___ Data block ___
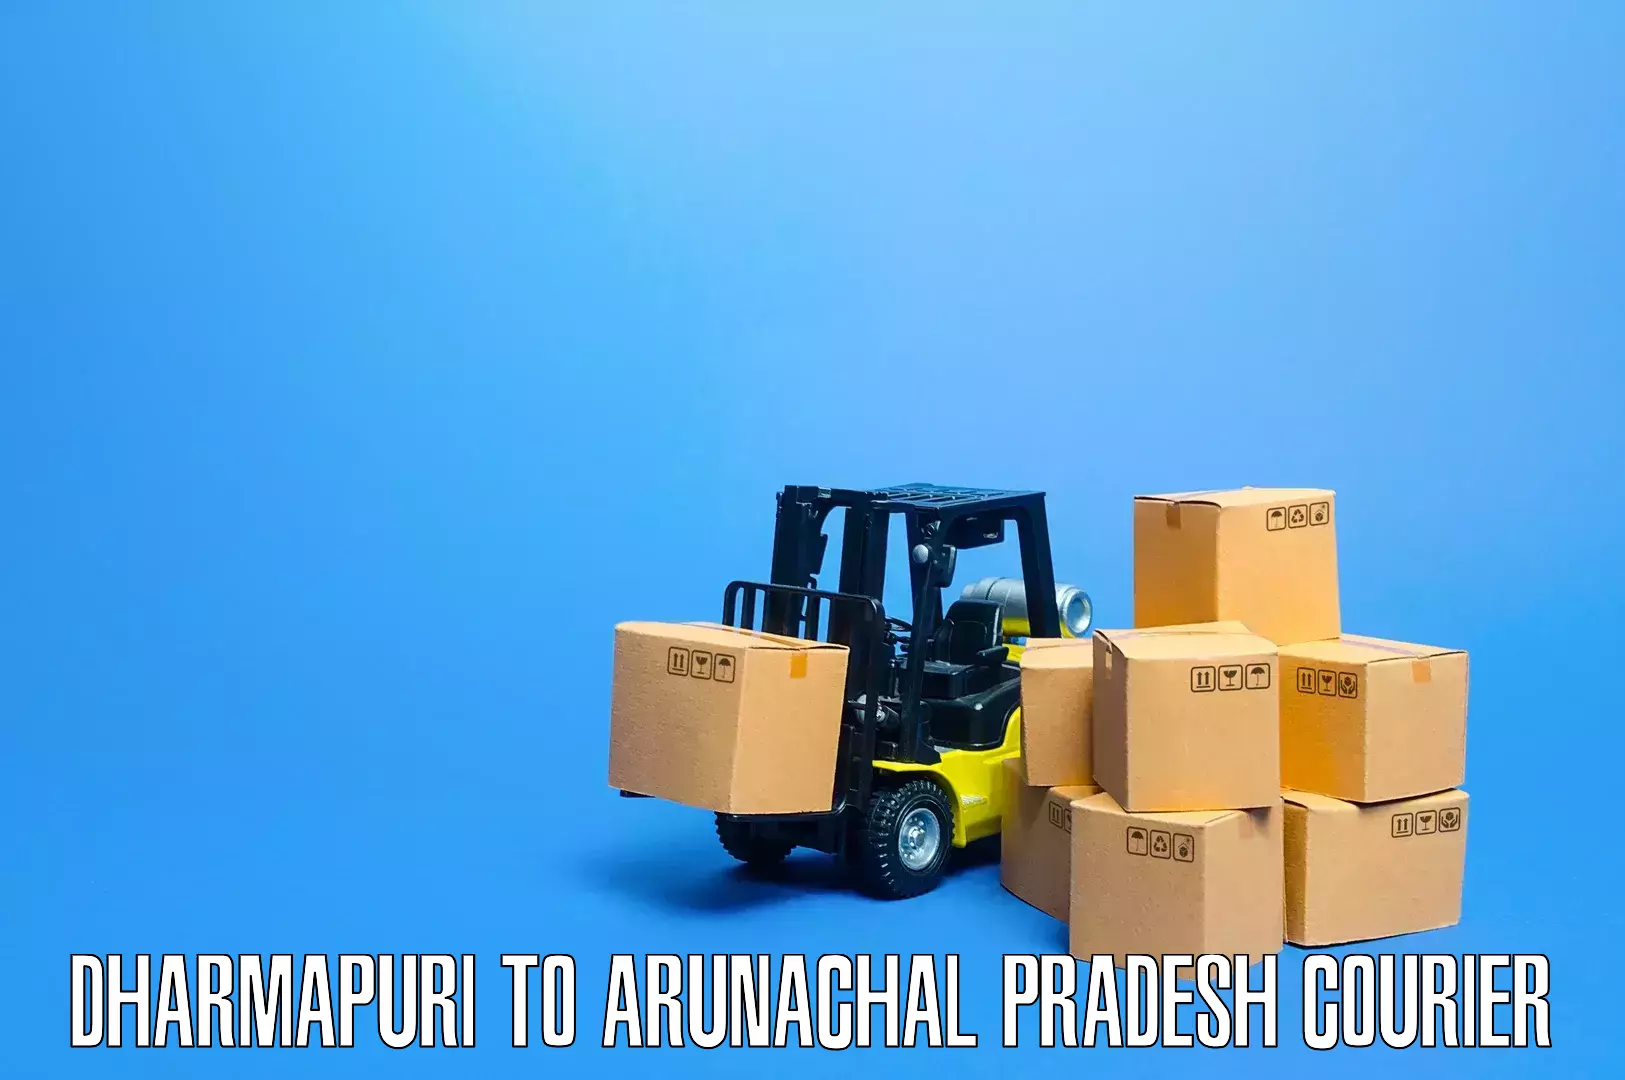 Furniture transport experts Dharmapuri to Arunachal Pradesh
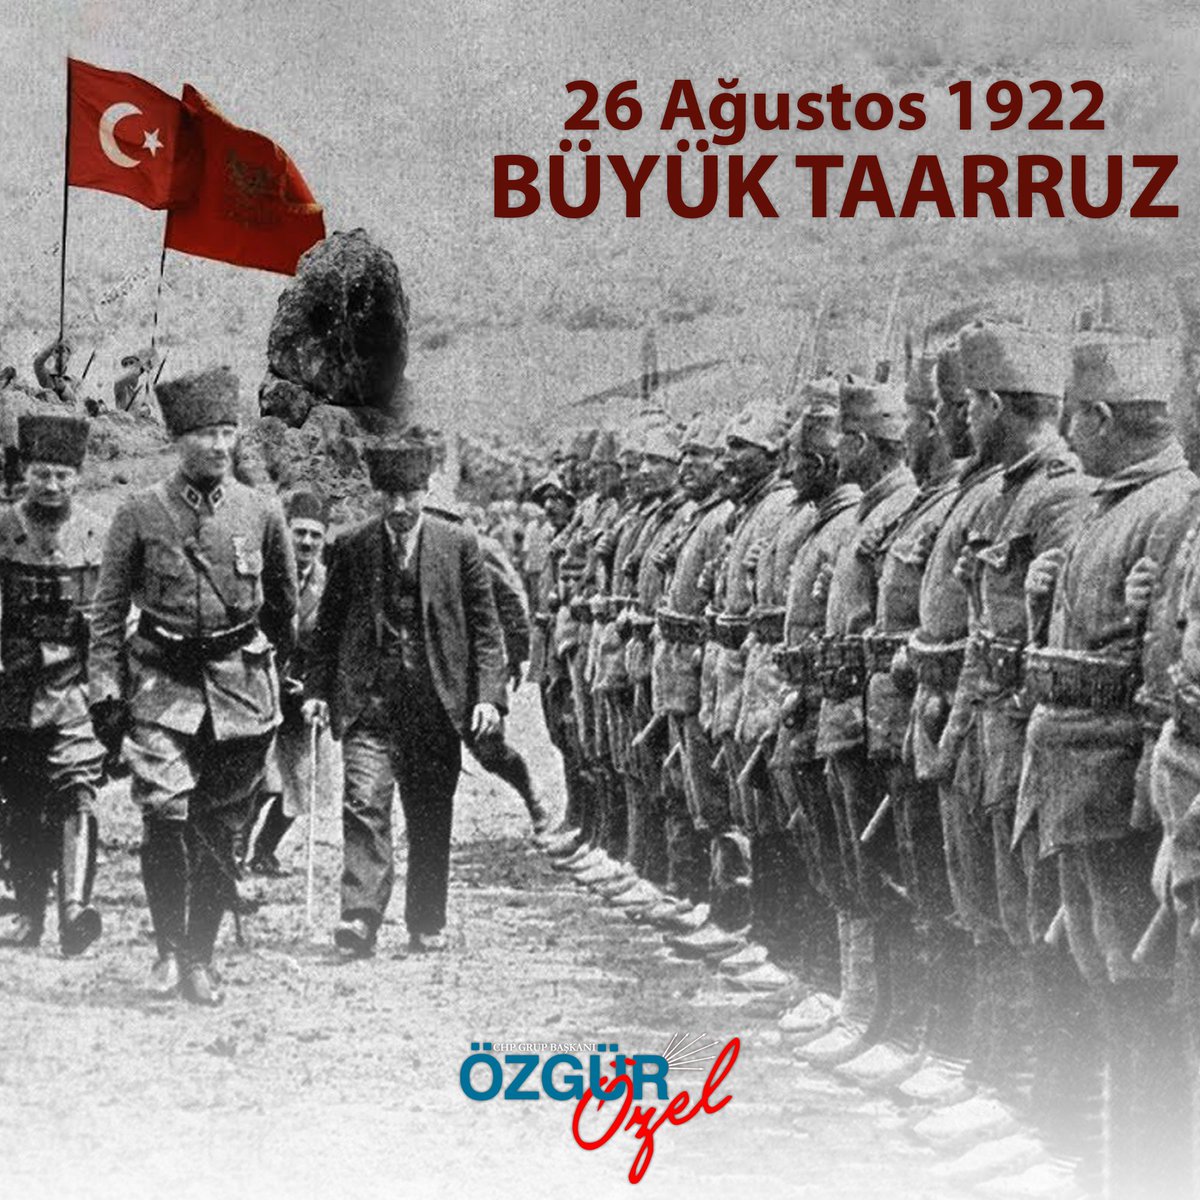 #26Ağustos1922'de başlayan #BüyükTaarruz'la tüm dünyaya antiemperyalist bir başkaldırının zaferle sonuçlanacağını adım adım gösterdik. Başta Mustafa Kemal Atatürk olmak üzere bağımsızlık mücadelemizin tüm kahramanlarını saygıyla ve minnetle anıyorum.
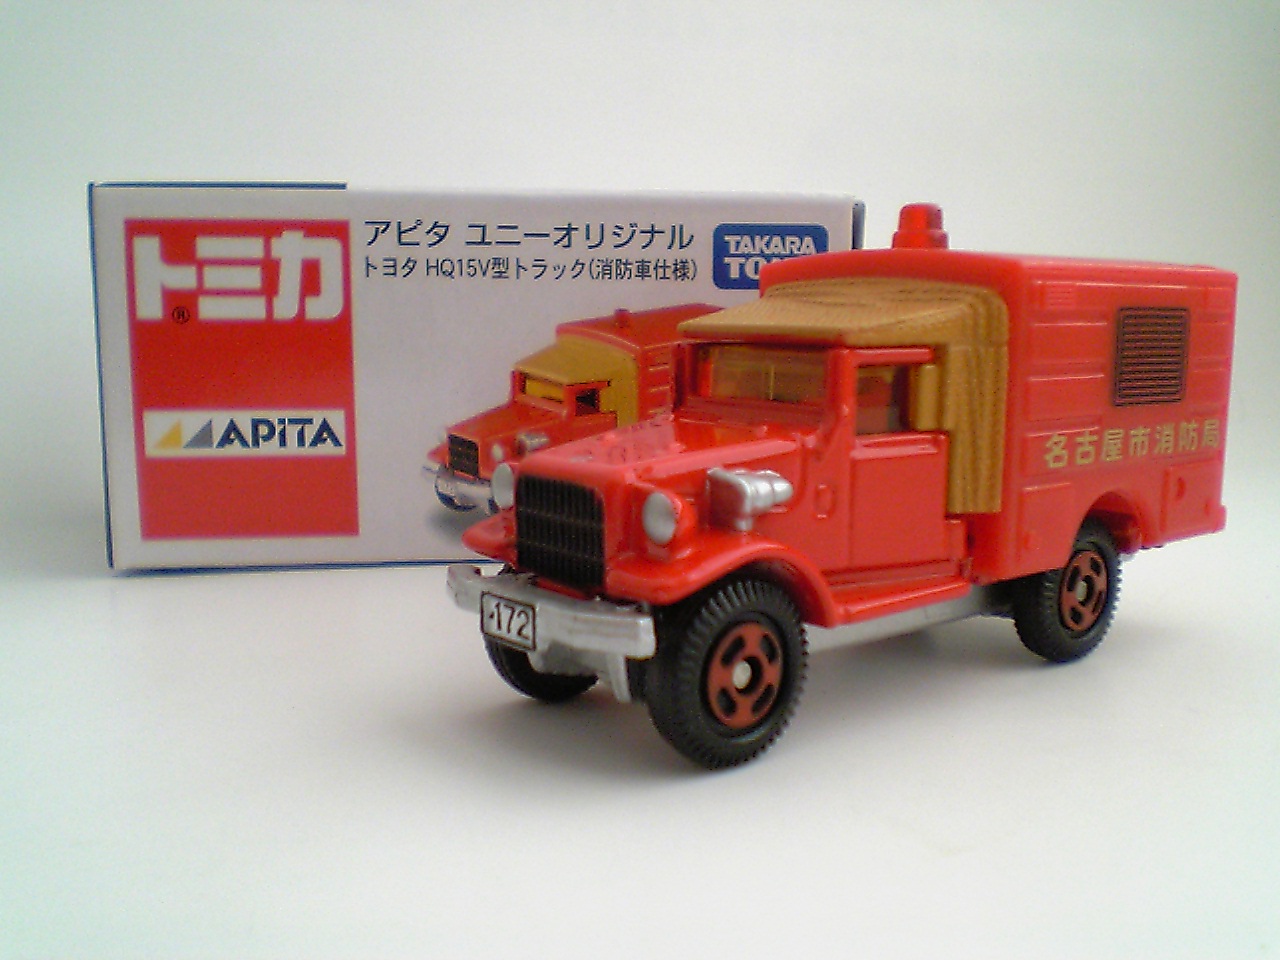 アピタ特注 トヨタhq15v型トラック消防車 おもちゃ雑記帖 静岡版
___
→ What you have to do
Your copy of the listing should match it exactly, apart from the pictures, which are left out.

→ Exercise answer
 Furniture transport experts Dharmapuri to Arunachal Pradesh
 #26Ağustos1922'de başlayan #BüyükTaarruz'la tüm dünyaya antiemperyalist bir başkaldırının zaferle sonuçlanacağını adım adım gösterdik. Başta Mustafa Kemal Atatürk olmak üzere bağımsızlık mücadelemizin tüm kahramanlarını saygıyla ve minnetle anıyorum.
 アピタ特注 トヨタhq15v型トラック消防車 おもちゃ雑記帖 静岡版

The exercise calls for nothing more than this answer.